Additional data we want to collect to make the missingness MAR is the elemental dragon data from all the matches played in leagues that did not record that data. This would allow us to fill out the columns missing due to the league not collecting dragon data, and make the missingness not depend on the league.

Missingness Dependency

Missingness of "clouds" does depend on "league" We wanted to determine if "league" and "clouds" were Missing at Random or Missing Completely at Random.

Here is the observed distribution when "clouds" was missing:

league	clouds
CBLOL	0.0230796
CBLOLA	0.0238489
EBL	0.0142324
EL	0.00788553
EM	0.0267339
ESLOL	0.0138478
GL	0.0171174
GLL	0.0138478
HC	0.0132708
HM	0.0140401
LAS	0.00615456
LCK	0.0482748
LCK CL	0.0492365
LCO	0.0123091
LCS	0.0236566
LDL	0.106858
LEC	0.0330807
LFL	0.0213486
LFL2	0.0219256
LHE	0.0113475
LJL	0.0292341
LLA	0.018656
LMF	0.0165404
LPL	0.0874716
LPLOL	0.0134631
LVP DDH	0.0165404
MSI	0.00615456
NACL	0.094434
NEXO	0.0144247
NLC	0.0140401
PCS	0.0269262
PGN	0.0140401
PRM	0.0221179
SL	0.0386583
TCL	0.0151941
UL	0.0215409
VCS	0.0315421
VL	0.016925

Here is the observed distribution when "clouds" was not missing:

league	clouds
CBLOL	0.0286465
CBLOLA	0.0296013
EBL	0.0176653
EL	0.00978754
EM	0.0331821
ESLOL	0.0171879
GL	0.0212461
GLL	0.0171879
HC	0.0164717
HM	0.0174266
LAS	0.00763905
LCK	0.0599188
LCK CL	0.0611124
LCO	0.0152781
LCS	0.0293626
LEC	0.0410599
LFL	0.026498
LFL2	0.0272141
LHE	0.0140845
LJL	0.0362855
LLA	0.0231559
LMF	0.02053
LPLOL	0.0167104
LVP DDH	0.02053
MSI	0.00763905
NACL	0.117212
NEXO	0.017904
NLC	0.0174266
PCS	0.0334209
PGN	0.0174266
PRM	0.0274529
SL	0.0479828
TCL	0.0188589
UL	0.0267367
VCS	0.0391502
VL	0.0210074

Our observed statistic was: 0.09716505750663537

Our p-value was: 0.0

Here is the empirical distribution of the test statistic:

Missingness of "clouds" does not depend on "opp_towers" We wanted to determine if "opp_towers" and "clouds" were Missing at Random or Missing Completely at Random.

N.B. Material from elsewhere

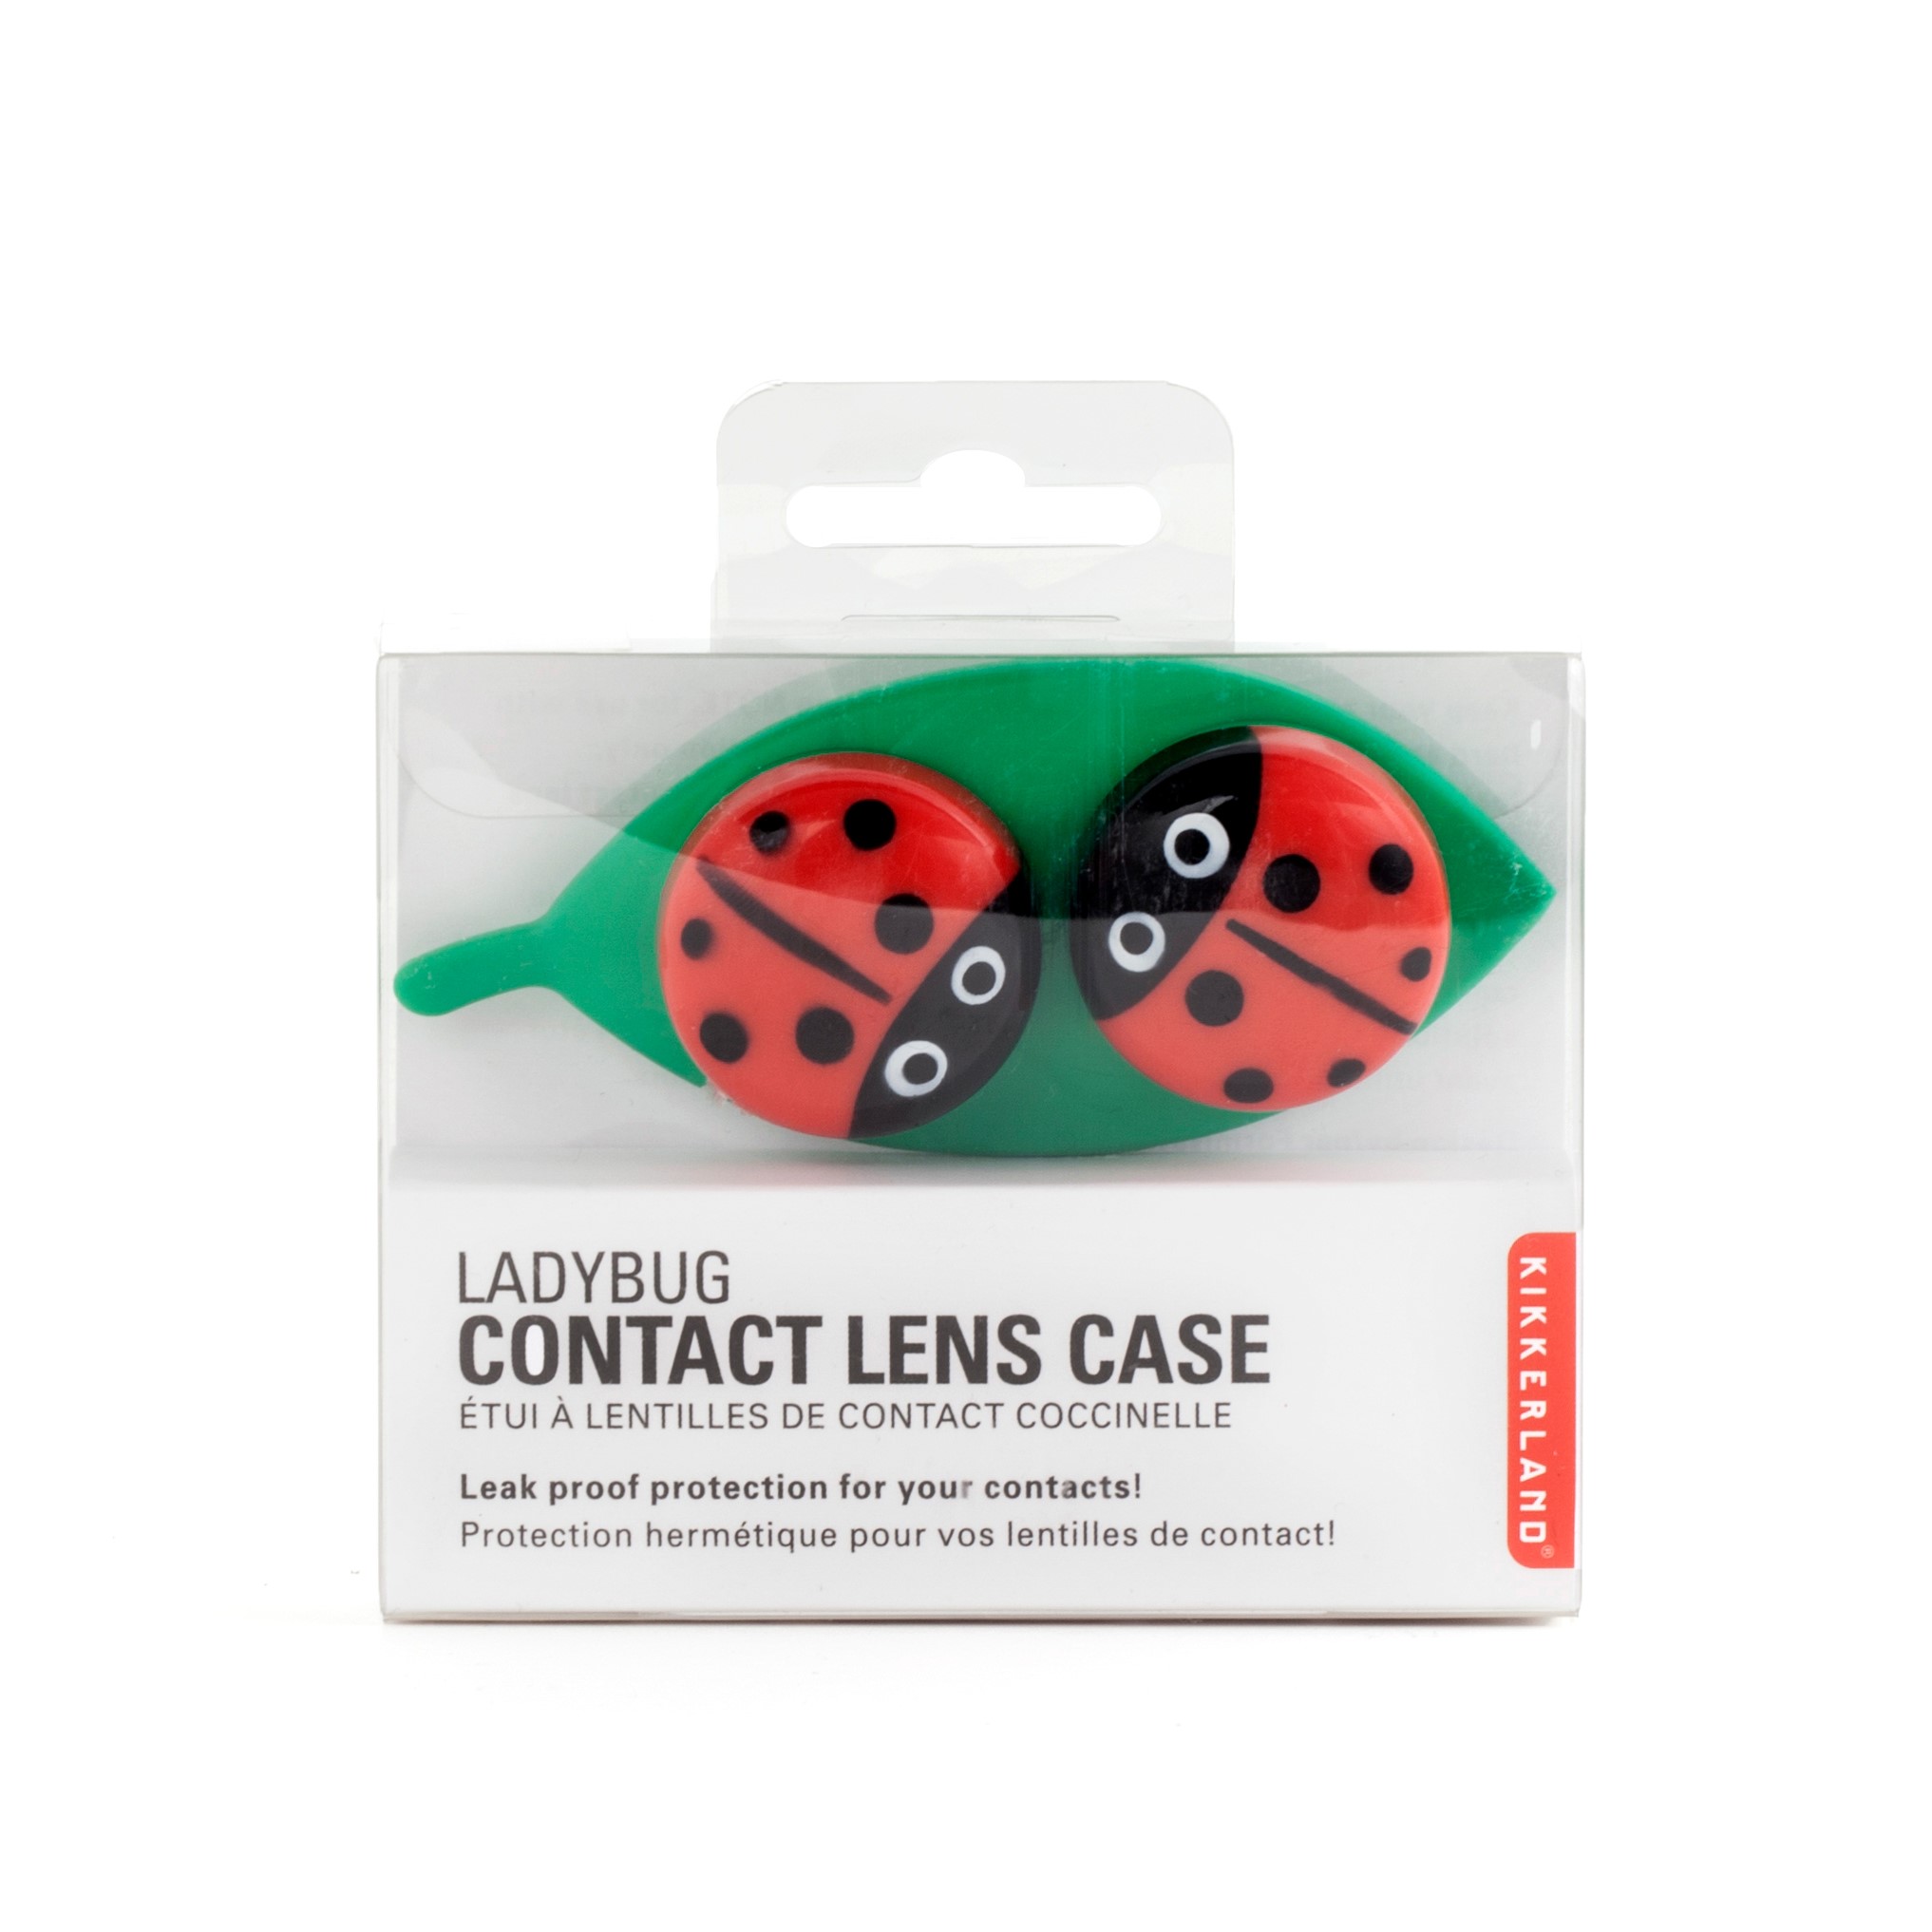 Contact lens case ladybug

Here is the observed distribution when "clouds" was missing:

opp_towers	clouds
0	0.0528504
1	0.0938242
2	0.107482
3	0.112233
4	0.0599762
5	0.0261283
6	0.0356295
7	0.054038
8	0.0908551
9	0.133017
10	0.140736
11	0.0932304

Here is the observed distribution when "clouds" was not missing:

opp_towers	clouds
0	0.0541895
1	0.0896395
2	0.113392
3	0.104321
4	0.0577704
5	0.0358081
6	0.025185
7	0.0525185
8	0.0840296
9	0.145142
10	0.127954
11	0.11005

Our observed statistic was: 0.045874161997630926

Our p-value was: 0.151

Here is the empirical distribution of the test statistic:

Hypothesis Testing

Null Hypothesis: The distribution of souls in games where the team with soul won is the same as the distribution of souls in games where the team with the soul lost.

Alternate Hypothesis: The distribution of souls in games where the team with soul won is different than the distribution of souls in games where the team with the soul lost.

Test Statistic: We will be using the Total Variation Distance (TVD).

We chose to use TVD because we are using categoricial data, more specifically whether two sample distributions came from the same distribution.

Significance Level: 5% AKA 0.05

We chose this significance level because it is the standard

p-value: 0.1225

We did 10,000 simulations

Conclusion: We fail to reject the null hypothesis. Meaning we believe that the distributions are the same.

Since we failed to reject the null hypothesis this means there is little evidence that the distribution of souls in games where the team won with soul is different from the distribution of souls in games where the team won without soul. We believe this means that souls have statistically different power levels because the proportion of wins and losses seems the same.